I'm not sure if I'm reading the geo chart correctly...but is the 585 similar is almost every aspect except for the top tube not sloping and the head tube being 7mm shorter?

http://www.lookcycle.com/media/catalog/product/g/e/geometrie_route_10.pdf

and is that for the 585 ultra? Because if not, there's no difference at all in the 595 and 585 geo's?


I'm asking because I need a new race bike. My 56 CAAD leaves me with just a little too much drop for me to be comfortable. And as I love my 595 too much to race, I've been looking for other frames with similar geo's to my XL 595. 

That was until my partner piped up the other day and said "why not just buy another Look and race that??"

 

So the search has begun!


----------



## twiggy73 (Jan 19, 2010)

From what i can tell the 585 Origin is the same as the 595 
Going buy the web site the ultra 585 is not being offered any more so the 585 origin would be the same as your 595 in terms of Geo 
they geo changes for the optimum 
The 585 has proven tour de france preformance and was used last year for some of the classic one day races so it is a great ride for all ocasions 

I pick mine up on wednesday    sram force 

Does your partner ride??? cause you are very lucky lol not many partners are that understanding lol 


Twiggy73


----------



## C-40 (Feb 4, 2004)

*info...*

The HTL might vary from one year to the next, so be sure you look at the proper year.

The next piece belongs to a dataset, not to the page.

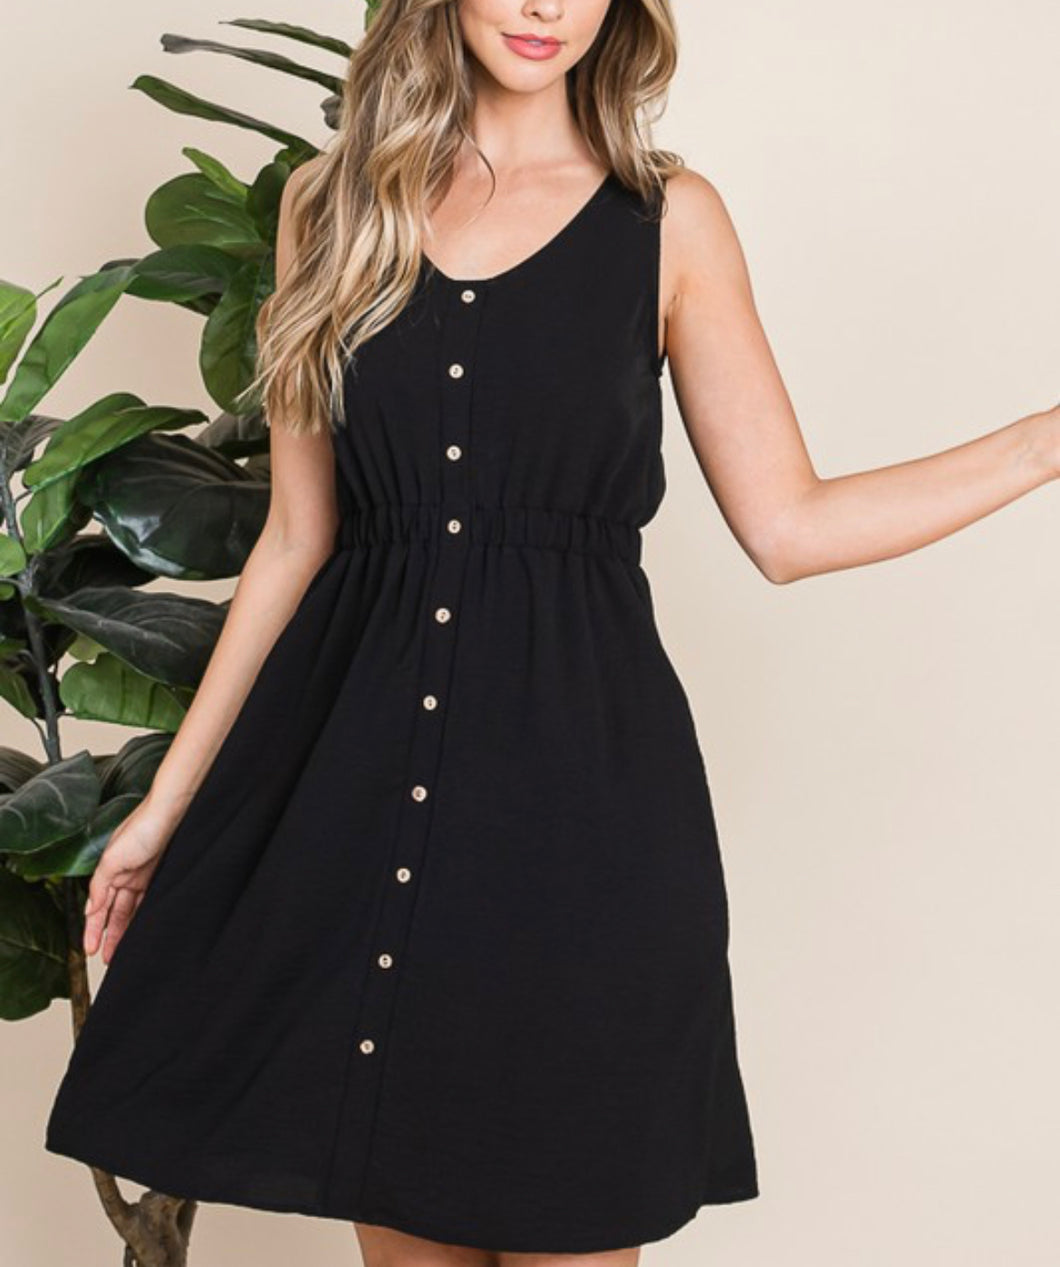 Black Sleeveless Midi Dress with Button Down Front

The new headfit system is 5-7mm taller than the old 15mm top on the FSA IS standard headsets.

Your excessive drop problem on the CAAD can't be fixed with a stem angle change?


----------



## Tinea Pedis (Aug 14, 2009)

Very fortunate as my partner does also ride. She said while we were looking for a house, if I could put off buying a new race bike until after we had a house sorted then I could (funds notwithstanding) look at getting another Look.

I accepted!  


And c-40, it's more to do with the what length stem I'm comfortable running in addition to the required saddle height. So, in a word, no.
Which is a pity, because otherwise the CAAD rides VERY well and if I didn't race I doubt I would have either noticed or been bothered enough by it to want to change.


----------



## Tinea Pedis (Aug 14, 2009)

What would we think of a 2007 585 for around $1000 Aussie....?


----------